Welcome to the Mosaic Fit assessment design feature from School Entrance Tests.

What are skills tests?

Assessments which assess hard skills, a specific ability, or job knowledge. Other psychometrics typically assess softer skills.

Our skills tests intro

These range from assessing a general skill to a very specific skill.
Some other key skill assessment characteristics include the following:

– ask a variety of questions in different formats to see how candidates perform on-the-job tasks.
– include questions that are capable of being answered by someone already doing the job.
– are tailored to relate to the responsibilities of an open position.
– often include immersive experiences, like coding challenges or job simulations.- mimic how a candidate performs when faced with a real-life scenario.

Popular skills test formats

  • Excel skill tests

  • coding skill tests

  • typing skill tests

  • task-related, e.g. “Create a Powerpoint Slide that has a video embedded in the presentation”.
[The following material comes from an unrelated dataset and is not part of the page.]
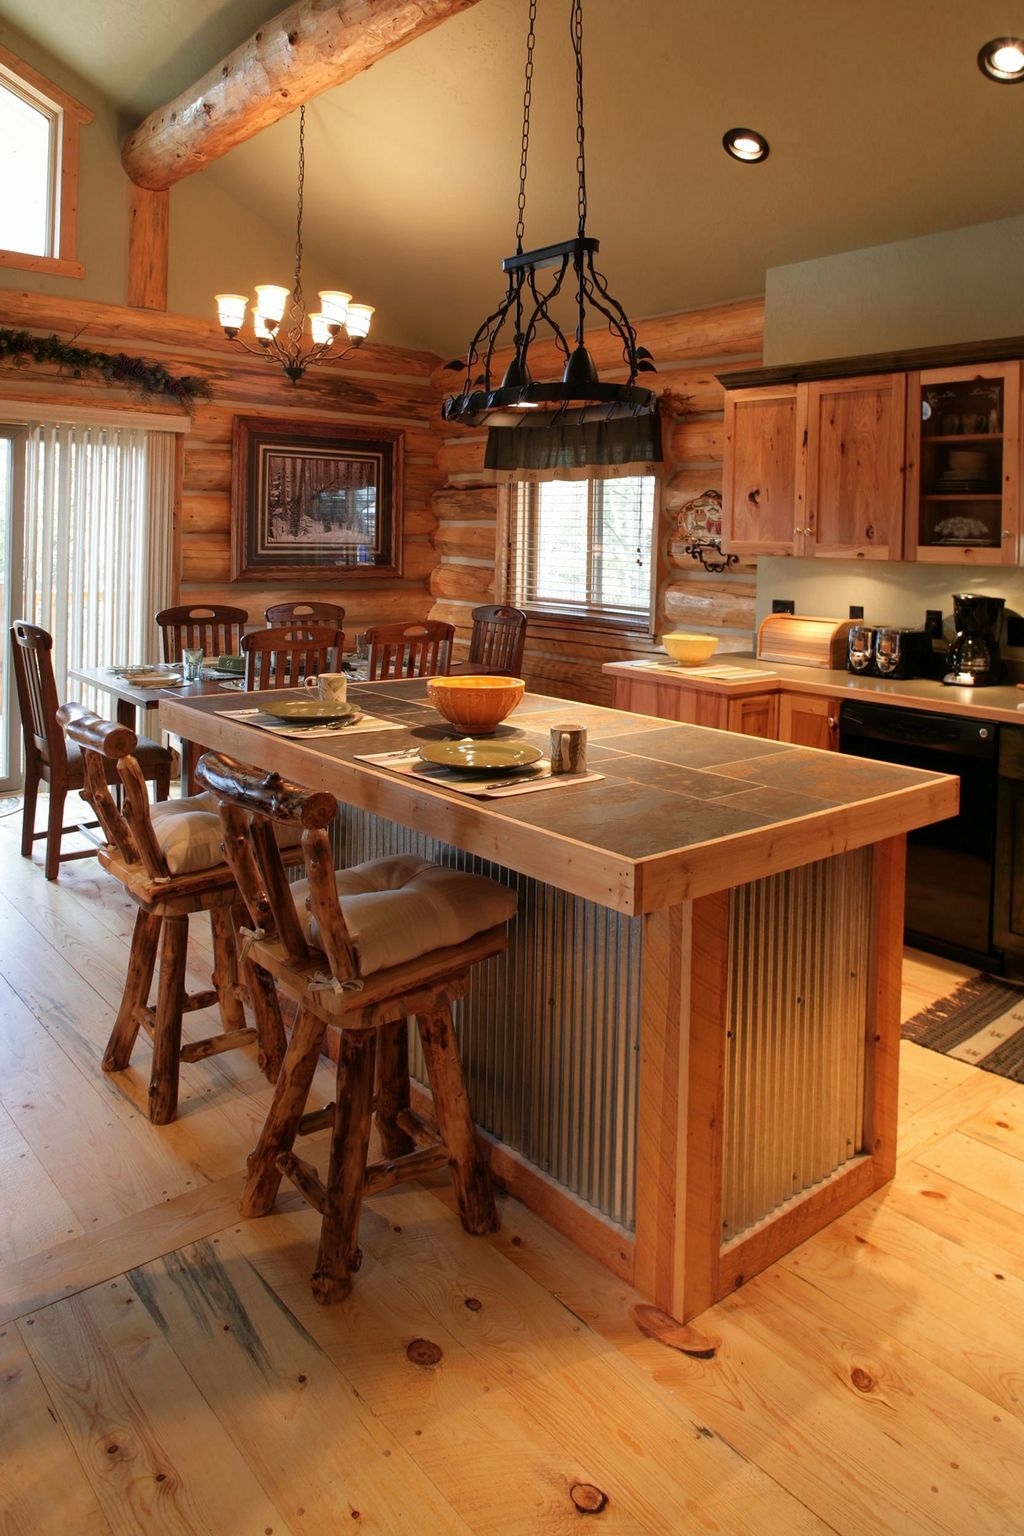 40 Warm Cozy Rustic Kitchen Designs For Your Cabin - BESTHOMISH

What are the main types of skill test?

  1. Hard skills are similar to school assessments and educational qualifications. These are specific capabilities to perform a particular job; practical skills that can be learned through study and practice and therefore depend on training and work experience. Sometimes they are simply referred to as ability, under the label of “specific abilities” to differentiate from general mental ability (“g”)
  2. specific abilities are similar to psychometric aptitude tests, such as numerical reasoning and verbal reasoning.
  3. job  knowledge skills tests are based on customised testing. In other words, bespoke assessment for the specific role. The skills test assessment process is similar to that of Situational Judgement Test design, and work sample designs.

How do skill tests differ from other psychometrics?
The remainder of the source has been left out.